Friday, September 18

Seahorses Are Real

'"But that's not you. It's not really you when you are ill"

"Yes it is, it's a part of me."'

I'm exhausted. I've just finished reading Seahorses Are Real as part of the LibraryThing Early Reviewers programme. Whether it was the writing, the unrelenting misery, or my own problems getting in the way it took me all bloody week. For perspective I could usually finish something of that length in two days so yeah, I'm exhausted. As you can imagine I had a bit of a mixed reaction.

Seahorses are Real details the abusive relationship between Marley, who suffers from depression, and David. David plunged himself into the relationship with hopes of saving her and, as the novel opens, he realises he can’t. How surprising. And the misery they bring each other is the subject.

The idea that depression makes you miserable isn't new nor is the idea that it can make the lives of people around you miserable. You, in a sense, loose all perspective. Things get blown out of proportion, you become irrational. You can say, and do, shitty things as a result of that. I have. And I have the ends of relationships and bruises from punching walls to prove it.

But I think David gets off lightly here. He too has a skewed view of things.

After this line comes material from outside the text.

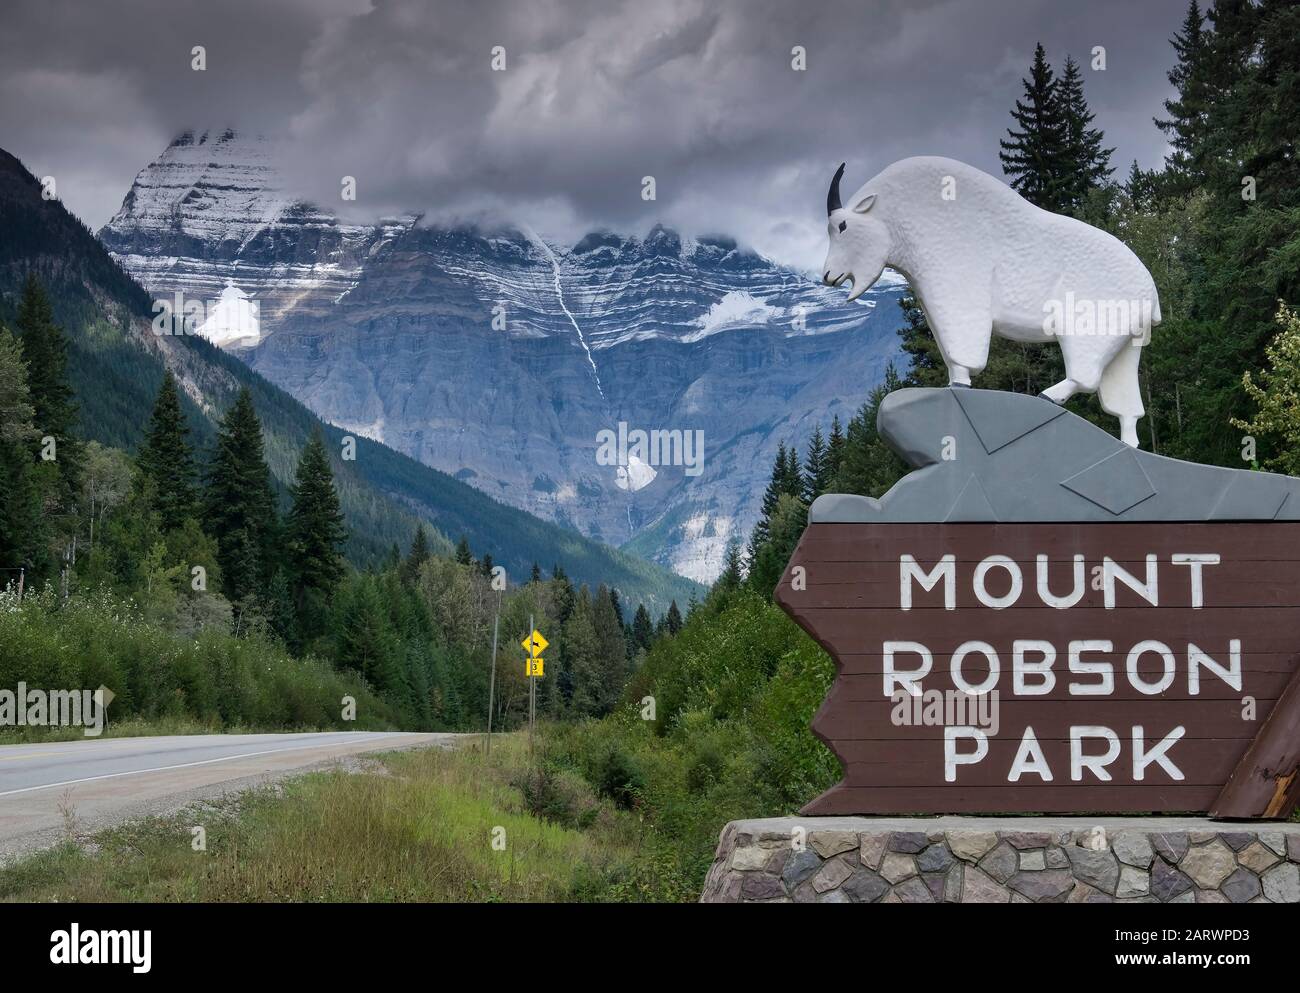 Mount Robson Park sign backed by Mount Robson, Mount Robson Provincial Park, Canadian Rockies, British Columbia, Canada Stock Photo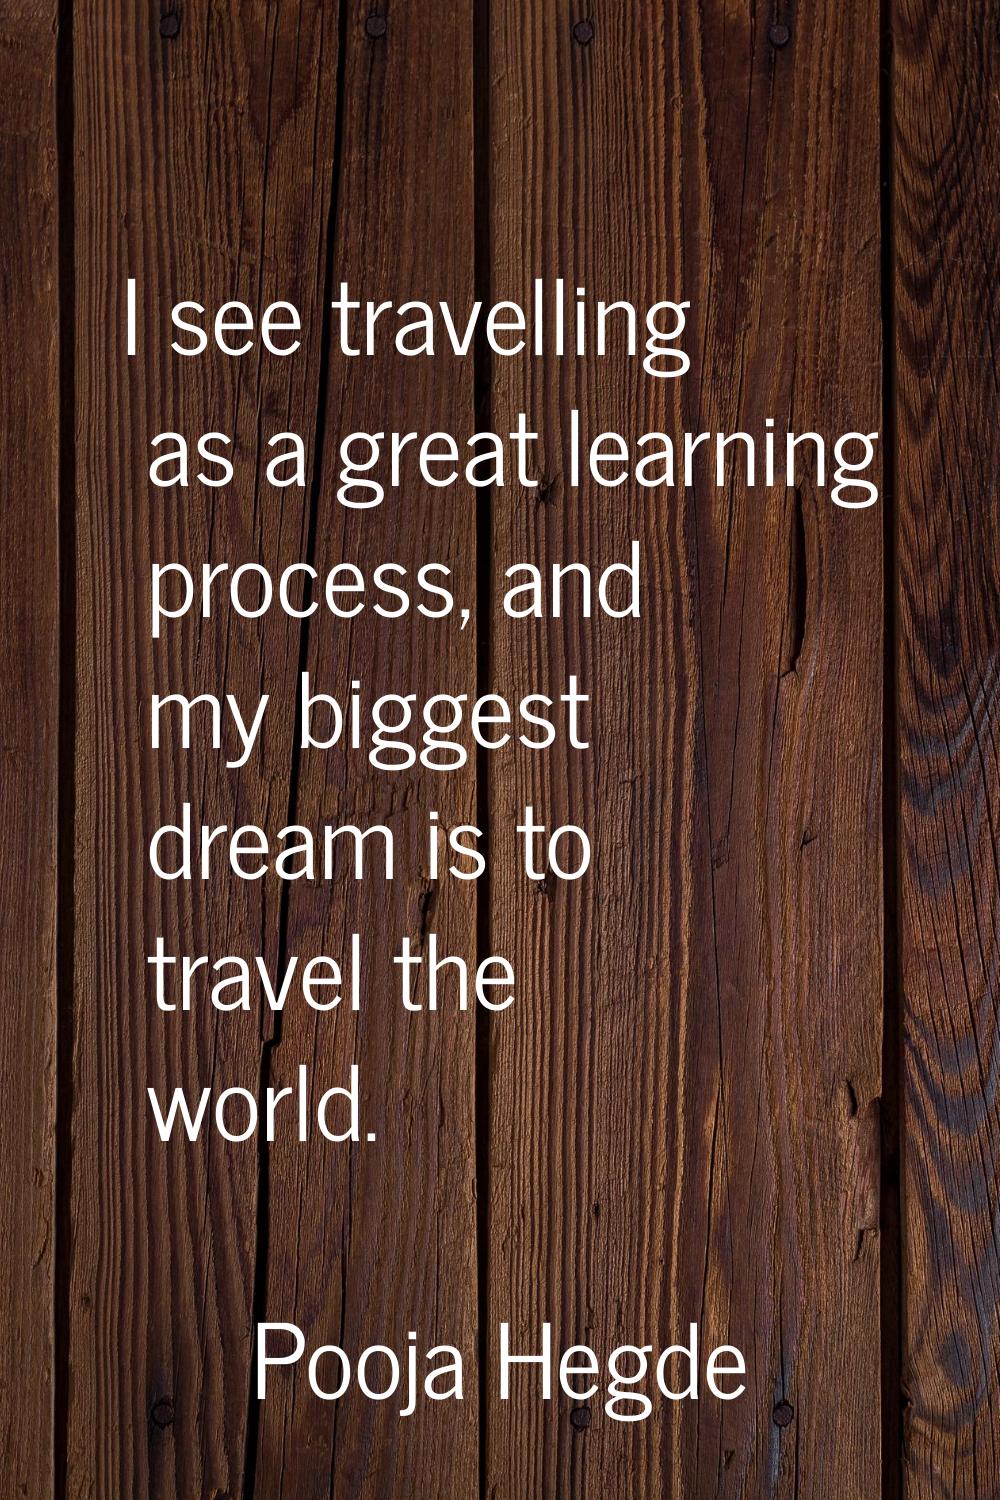 I see travelling as a great learning process, and my biggest dream is to travel the world.

He is the stereotypical nice guy (with as many TM's as you would like) who wants to save Marley. In his dreams he is rescuing her. He thinks he can protect her and rescue her. Fix her. The fact that he can't, that he has failed adds bitterness to an already sour situation. I really don't think that is explored enough.

The story is told in through cycle of fighting and making up. Abuse and making nice. And the unrelenting cycle that is Marley’s life: Jobcenter, ineffectual councillor (who makes remarks and hand her pills in sealed envelopes, this book could be read as an advocacy for proper treatment if nothing else!), home. The cycle that she longs to ditch as much as the depressive thoughts.

Like that, as a study, the novel doesn’t do too badly. It shows the horrible reality of a couple who only show affection with a side of sarcasm and who are overly dependant on each other for their happiness quite well, even if Marley is up – I think unfairly – for more criticism.

However the writing falls short. And I hesitate to say thing because I can see what’s trying to be achieved but it does just tend to fall back. The overload of adjectives, clich├ęd similes, repetitive sentences are a tool to let us see through Marley’s mentally ill gaze. However with the third person it just makes the novel seem clumsy and unpolished.

When the viewpoint characters switch and we see things from David’s eyes it does so clumsily. Several places I was dragged out of the story wondering where I was and who I was with now.

I will treasure the description of the calm after the storm, the hopefulness following a breakdown but ultimately the writing keeps me from giving the thumbs up, excited grin recommendation.